The foregoing analysis of FPL's lack of duty resolves Ileana's first issue on cross-appeal. Ileana's other contentions with respect to a new trial and additur are equally lacking in merit. See Griffis v. Hill, 230 So. 2d 143 (Fla. 1969).
To recapitulate, the judgment against FPL is reversed. We affirm the trial court's judgment as to DOT's liability and the jury verdict of $4,500,000, but reverse the setoff. Following the allocation hearing as ordered herein, the trial court is directed to set off the verdict with the portion of settlement funds allocated to Ileana in compensation of the same injuries for which she sued DOT.
Affirmed in part, reversed in part, and remanded for further proceedings.
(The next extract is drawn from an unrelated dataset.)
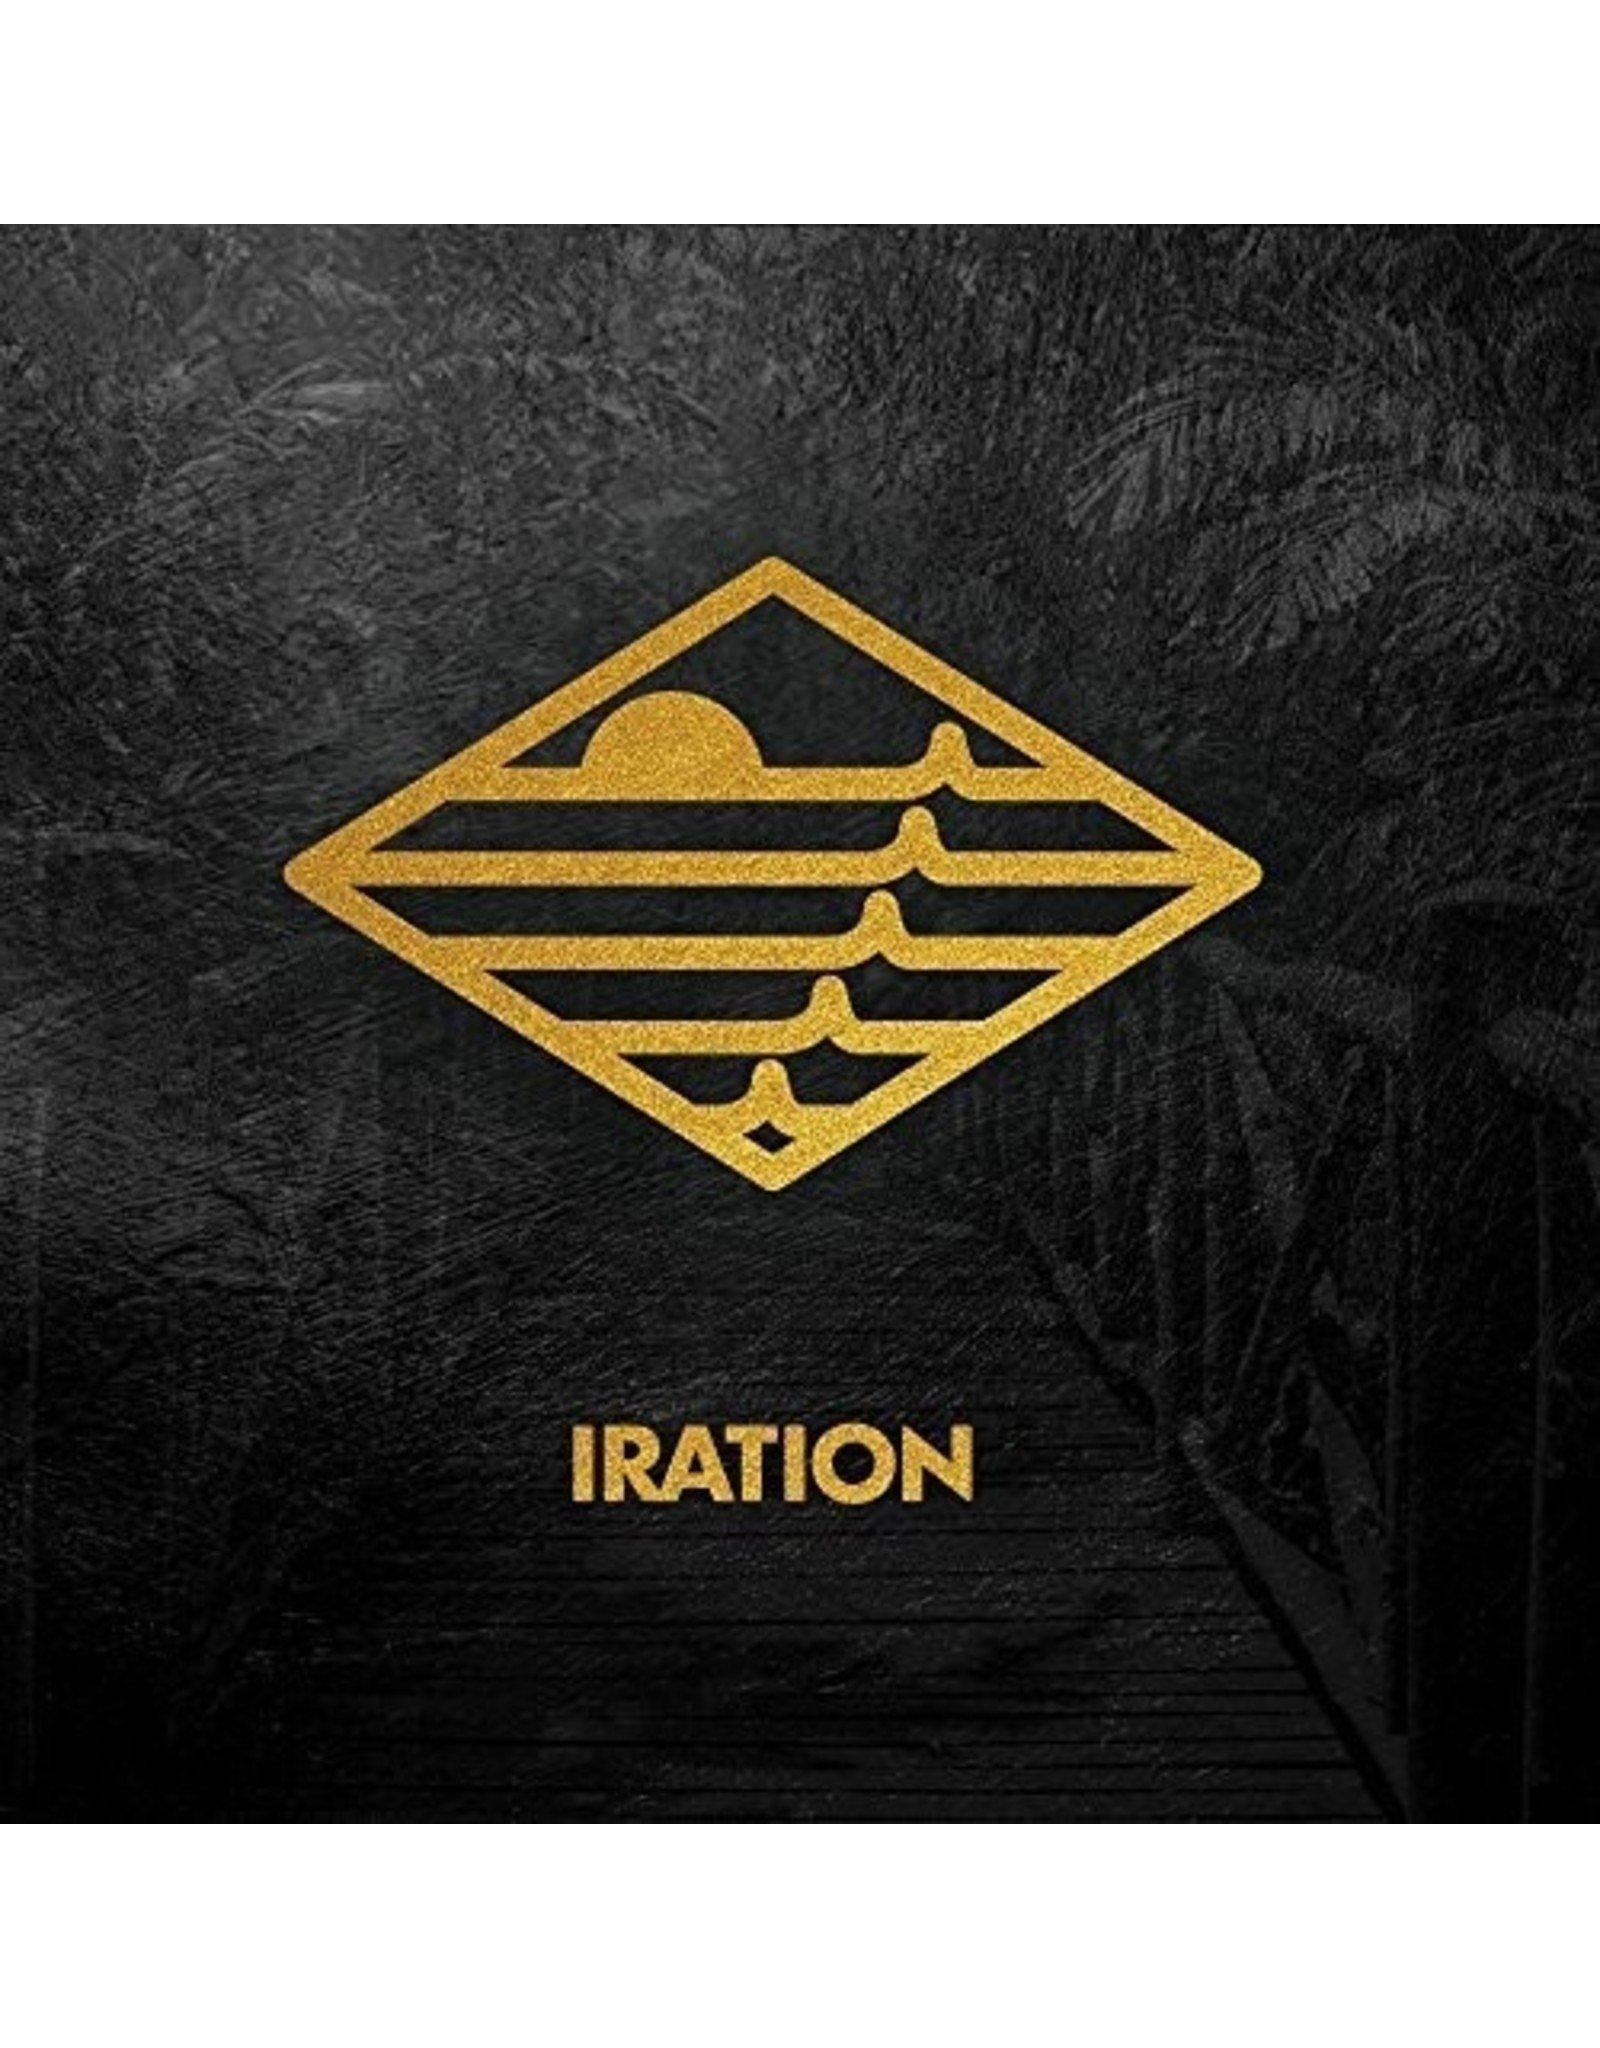 Iration - S/T 2LP

DOT files its motion for rehearing, asserting that our decision must be modified to comply with the subsequent decision of our supreme court in Dionese v. City of West Palm Beach, 500 So. 2d 1347 (Fla. 1987). Since this case does not involve a unilateral agreement between plaintiffs, but rather involves a court apportionment of a settlement fund which expressly recognizes various claims, many of which belong to persons not parties to this action, we find that our decision is consistent with Dionese. Consequently, DOT's motion is denied. Also, finding Macias's motion for rehearing to be without merit, it is, likewise, denied.
[1] It should be noted that of the previous accidents none involved the same utility pole as in the present case. Also, all of the previous accidents which Ileana alleges made the present collision foreseeable involved drivers who were either intoxicated, fleeing from the authorities, or who had fallen asleep while driving.